3. \begin{align*}\frac{1}{4}w-3 &= \frac{2}{3}w\\ \frac{1}{4}w-3 {\color{red}+3} &= \frac{2}{3}w {\color{red}+3} && (\approx \text{Add} \ 3 \ \text{to both sides of the equal sign to start})\\ \frac{1}{4}w &= \frac{2}{3}w+3 && (\approx \text{Simplify})\\ \frac{1}{4}w {\color{red}-\frac{2}{3}w} &= \frac{2}{3}w {\color{red}-\frac{2}{3}w}+3 && (\approx \text{Subtract} \ \frac{2}{3}w \ \text{from both sides of the equal sign to get variables on same side})\\ \frac{1}{4}w-\frac{2}{3}w &= 3 && (\approx \text{Simplify})\end{align*}

In order to simplify further, you need to make the fractions all have the same denominator. In order to do this you need to find the least common denominator (LCD). If you look at the last equation \begin{align*}\left(\frac{1}{4}w-\frac{2}{3}w=3 \right)\end{align*} you will see that the denominators are 4, 3, and 1. The equation can really be seen as \begin{align*}\left(\frac{1}{{\color{blue}4}}w-\frac{2}{{\color{blue}3}}w=\frac{3}{{\color{blue}1}}\right)\end{align*}.

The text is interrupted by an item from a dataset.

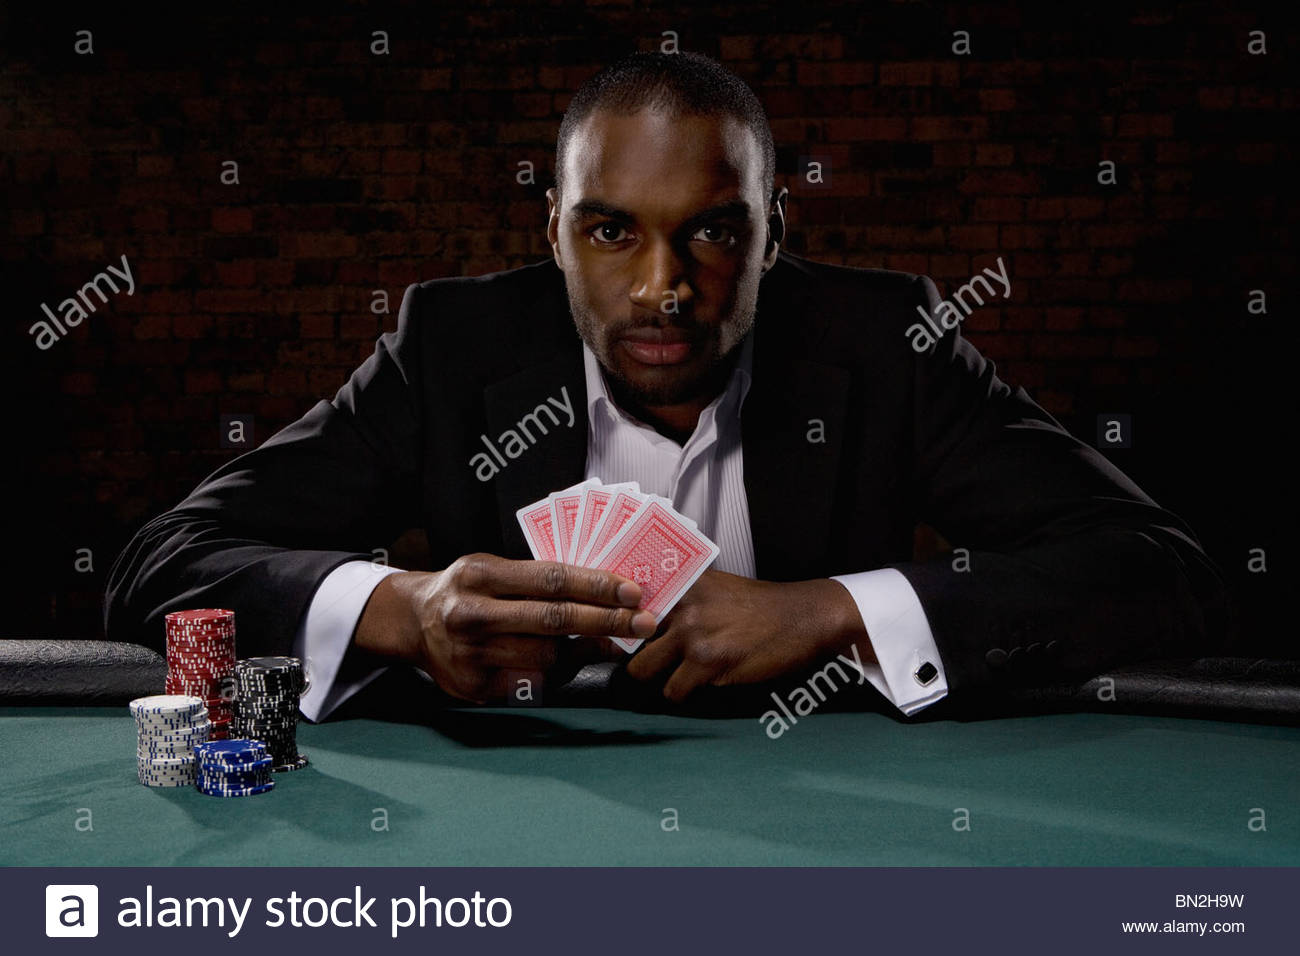 Man playing poker in casino Stock Photo

So what is the least common denominator for the numbers 1, 3, and 4? Well all three numbers will divide into 12 evenly \begin{align*}({\color{blue}4} \times 3 = 12, {\color{blue}3} \times 4 = 12\end{align*}, and \begin{align*}{\color{blue}1} \times 12 = 12)\end{align*}. Therefore you need to multiply \begin{align*}\frac{1}{{\color{blue}4}}w\end{align*} by \begin{align*}\frac{3}{3},-\frac{2}{{\color{blue}3}}w\end{align*}, by \begin{align*}\frac{4}{4}\end{align*}, and \begin{align*}\frac{3}{{\color{blue}1}}\end{align*} by \begin{align*}\frac{12}{12}\end{align*} in order to carry on with this problem and solve for the variable. Notice that by multiplying by \begin{align*}\frac{3}{3}\end{align*}, you are really just multiplying by 1!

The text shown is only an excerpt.